▶ _EXERCISE DIRECTIONS_
Include the line containing "Caméras de surveillance, loi" and every line after it up to the end of the material below; reproduce them exactly and drop the pictures.
DATA SECTION Block Start
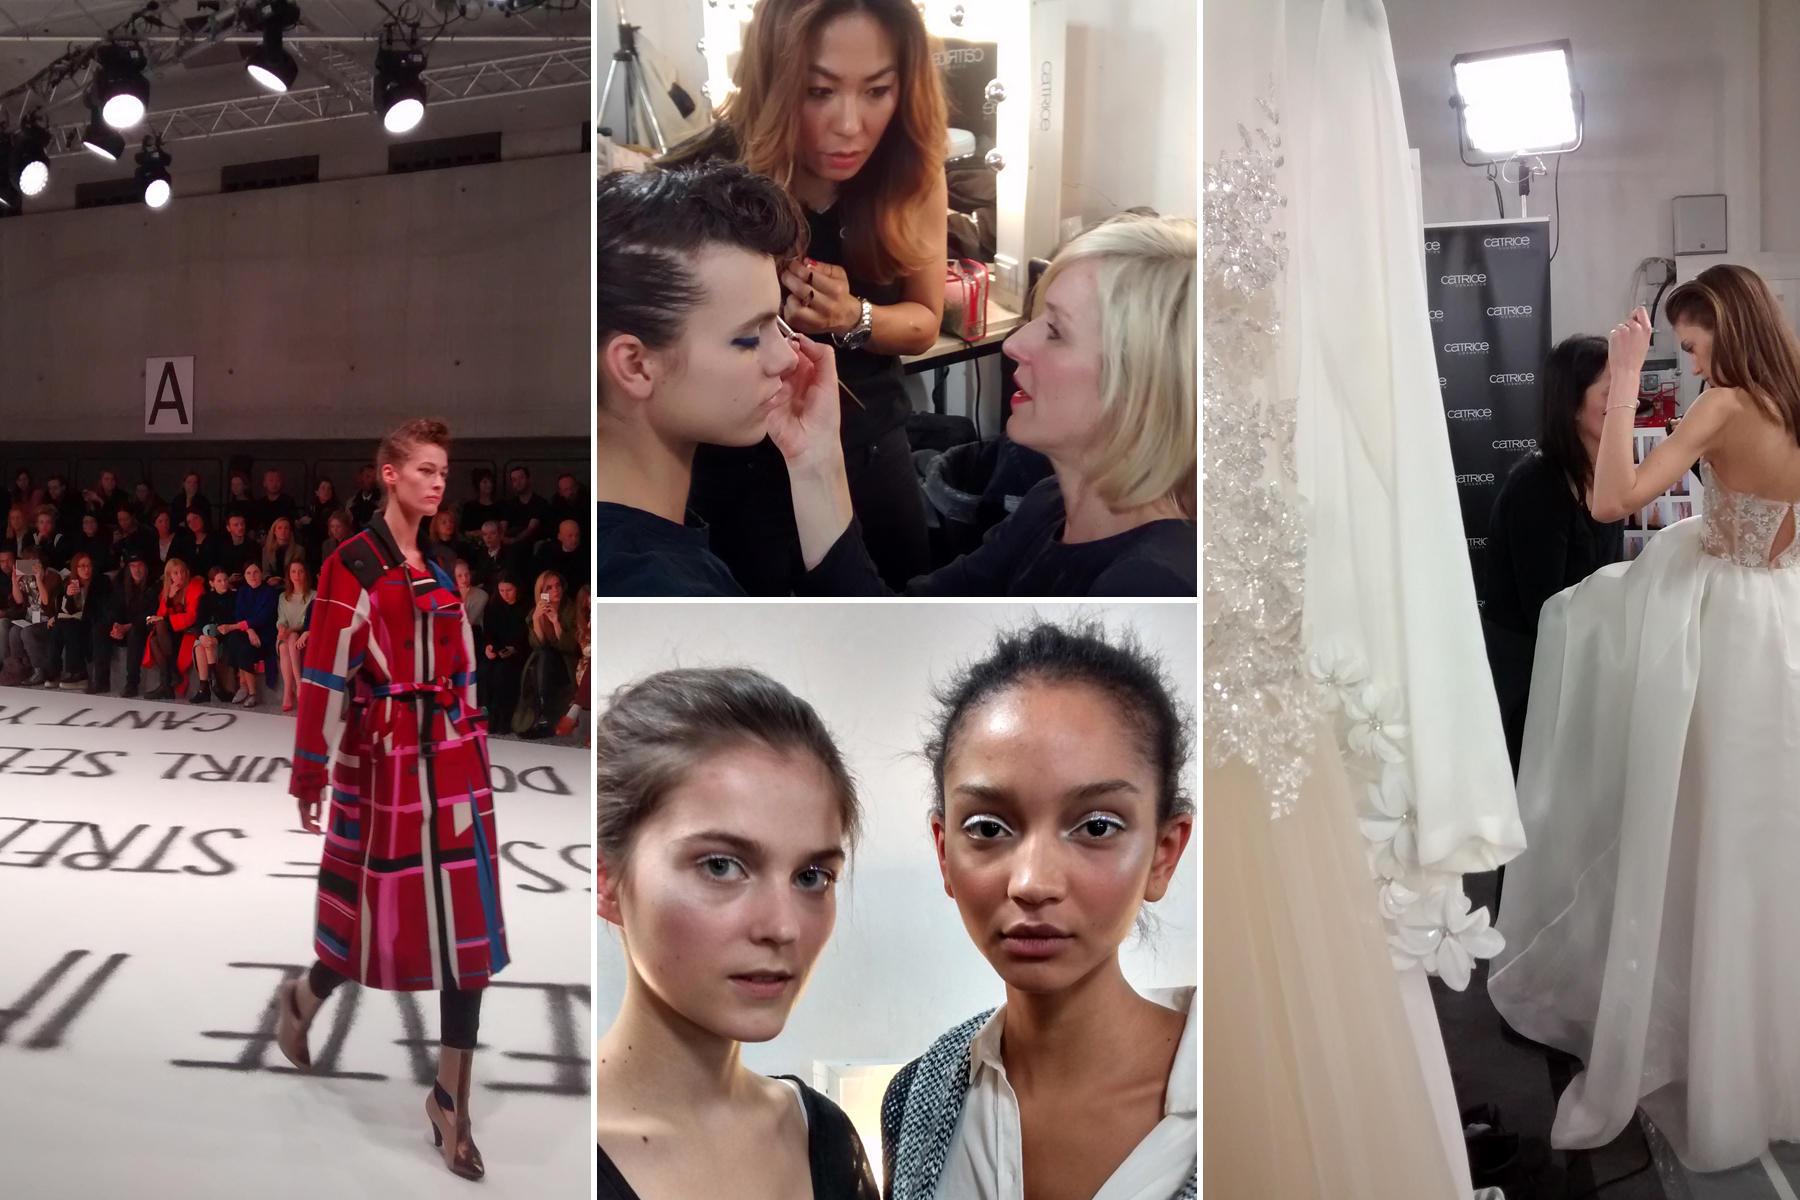 Visagistin Loni Baur kreiert den Make-up-Look mit Produkten von Catrice für die Schauen von Capara (links im Bild) und Kaviar Gauche (rechts im Bild) im Palazzo Italia während der Mercedes-Benz Fashion Week in Berlin.
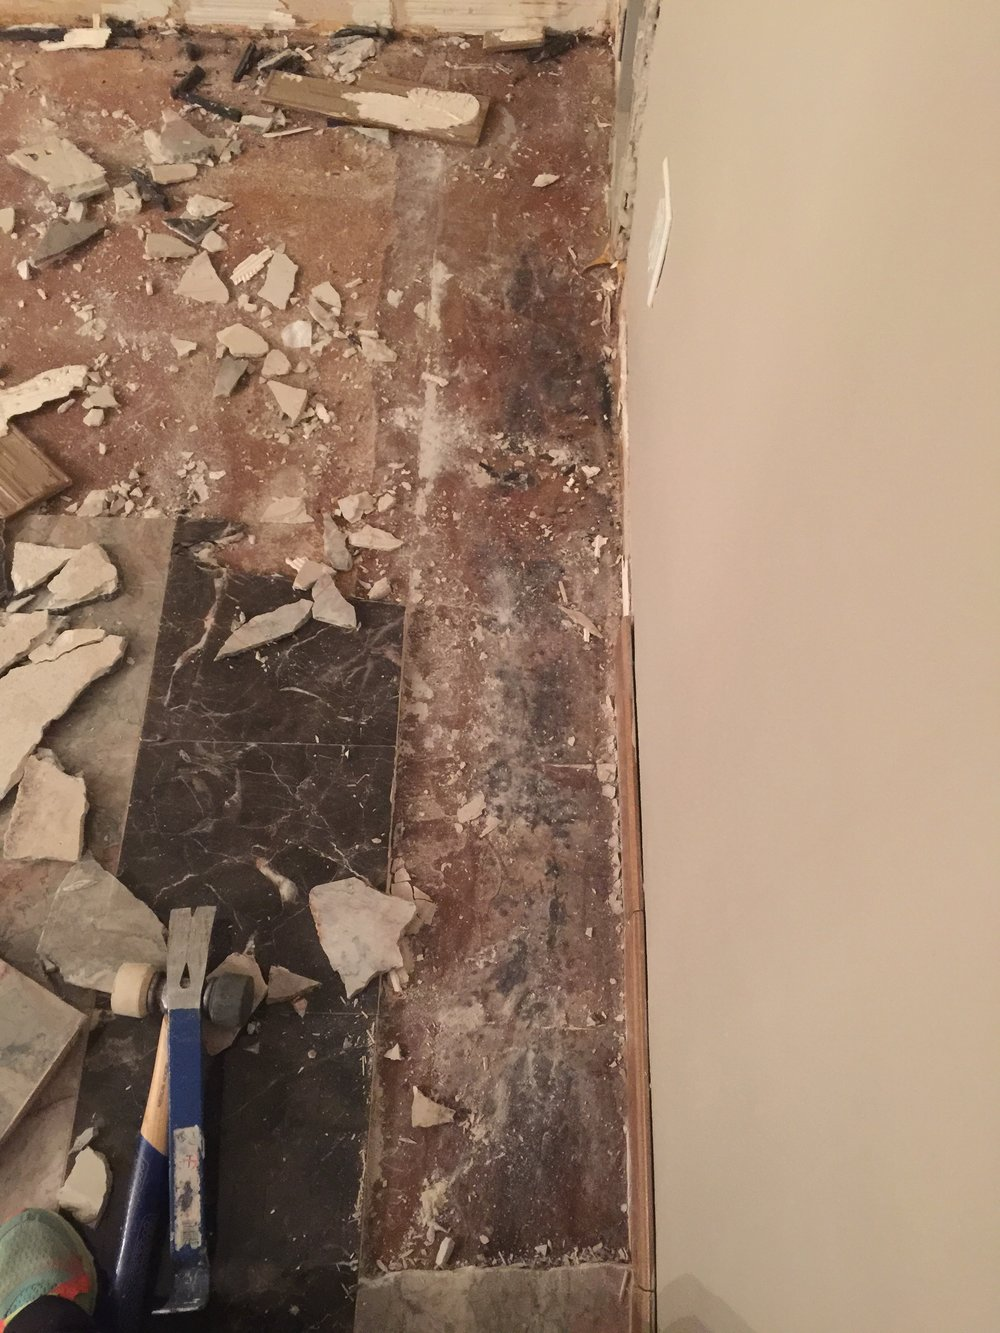 Mold under the Tile- EEEKKK!
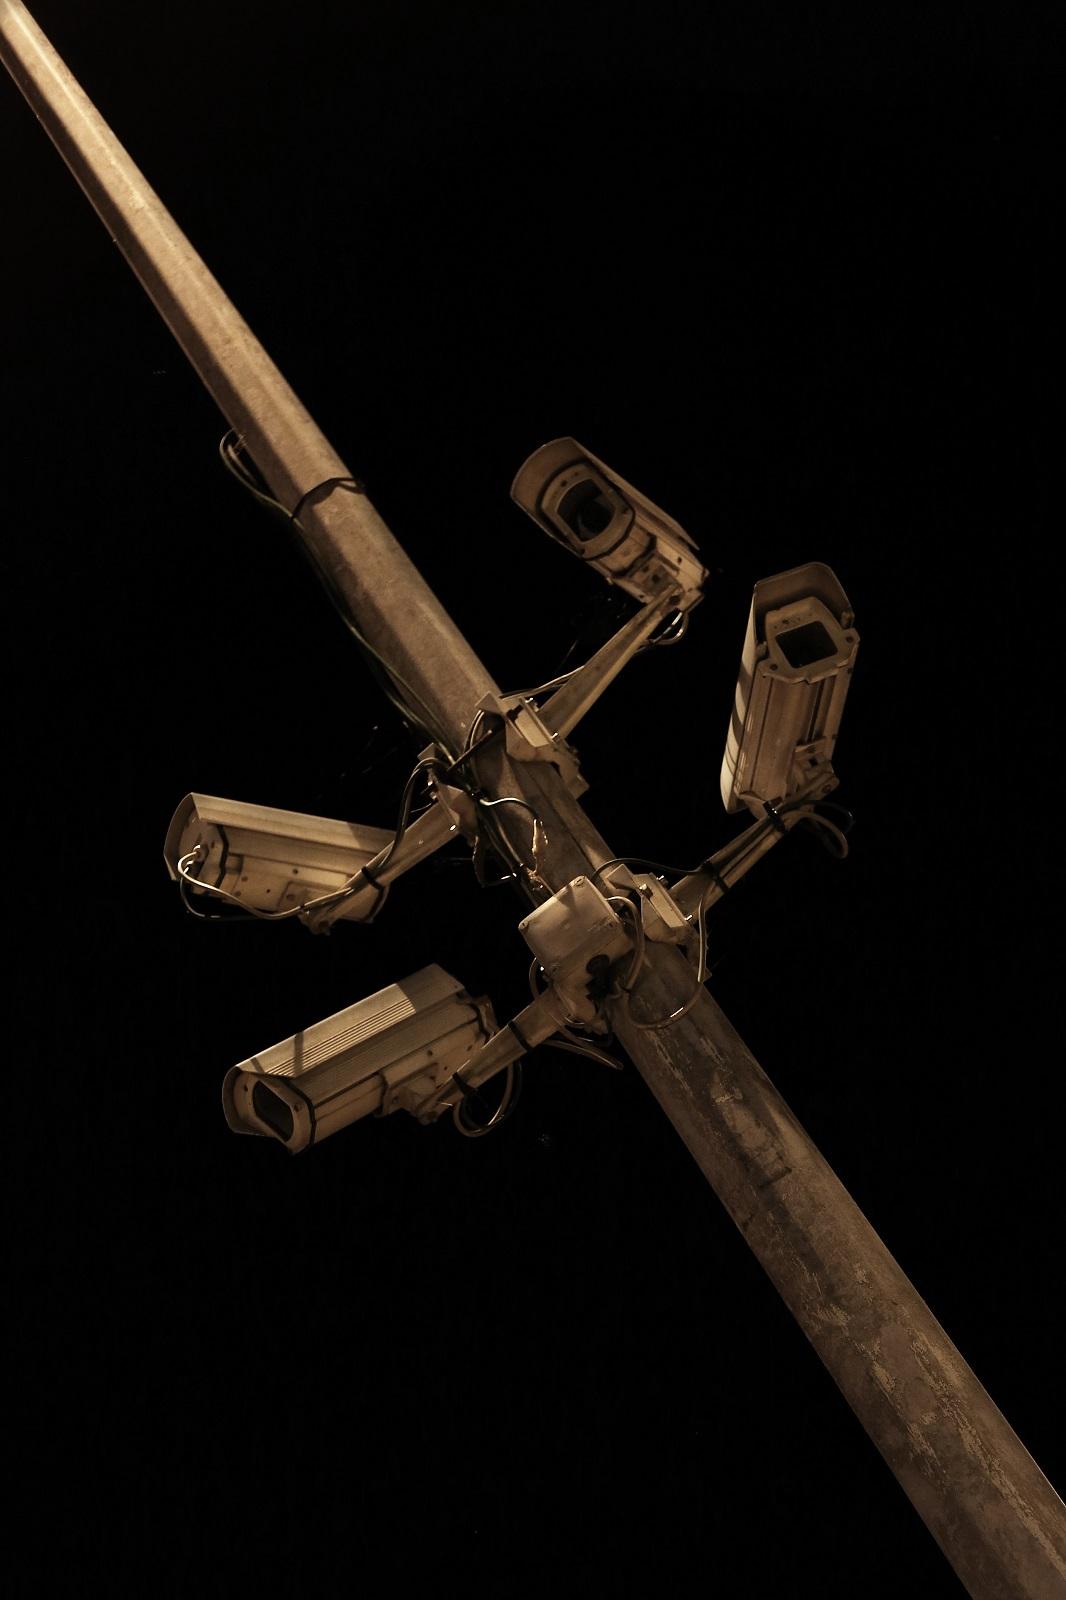 Caméras de surveillance, loi sécurité globale
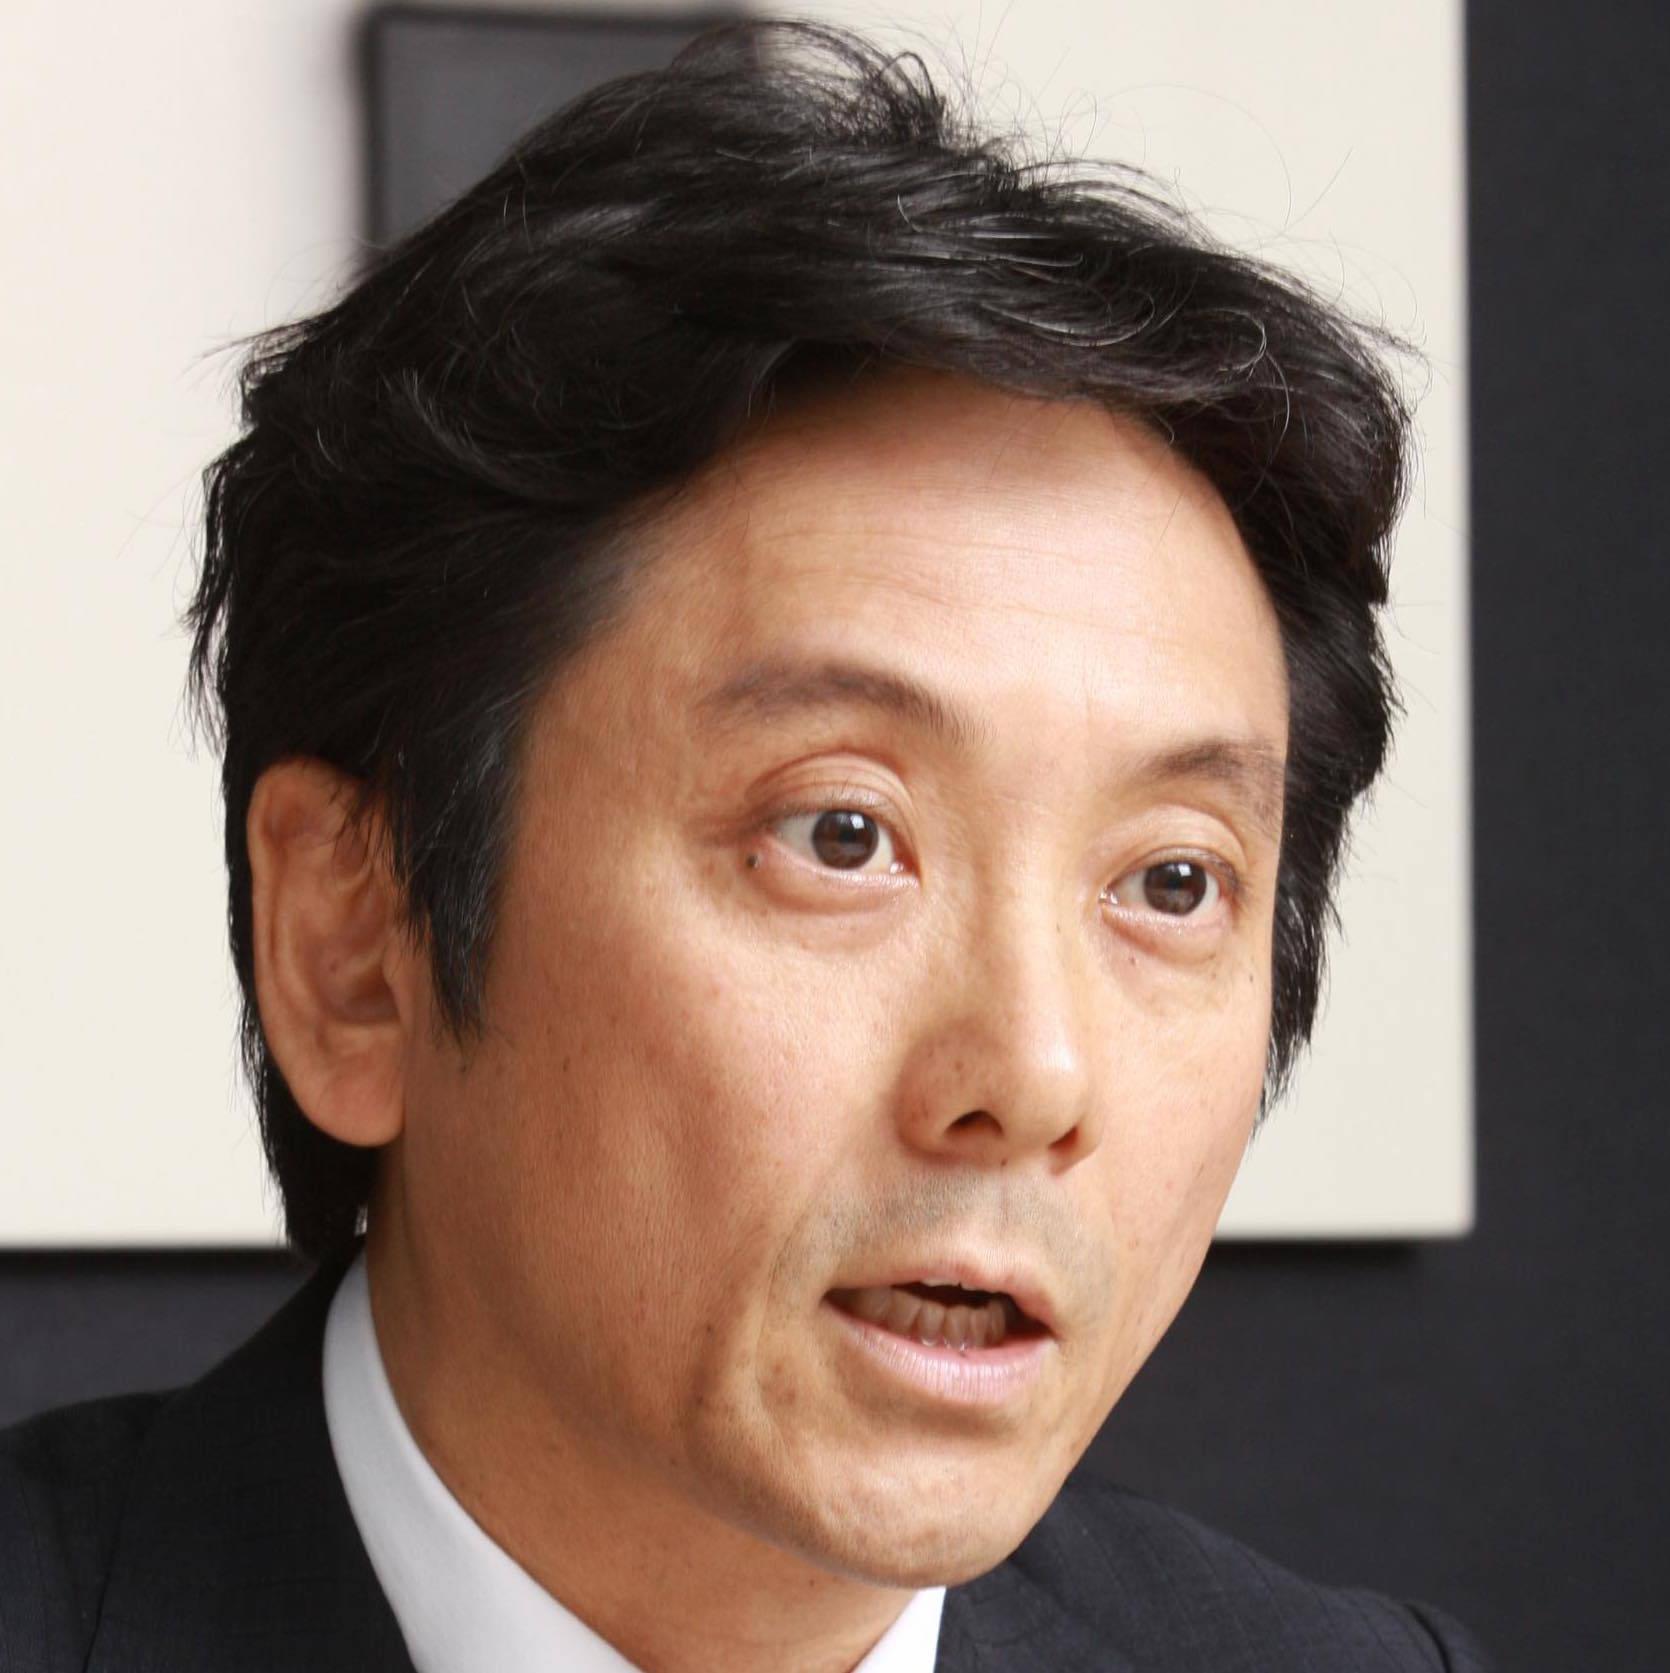 リクルートホールディングス社長兼CEO 峰岸真澄 買収戦略で人材業界世界一を目指す
DATA SECTION Block End
▶ _RESPONSE_
 Caméras de surveillance, loi sécurité globale
 リクルートホールディングス社長兼CEO 峰岸真澄 買収戦略で人材業界世界一を目指す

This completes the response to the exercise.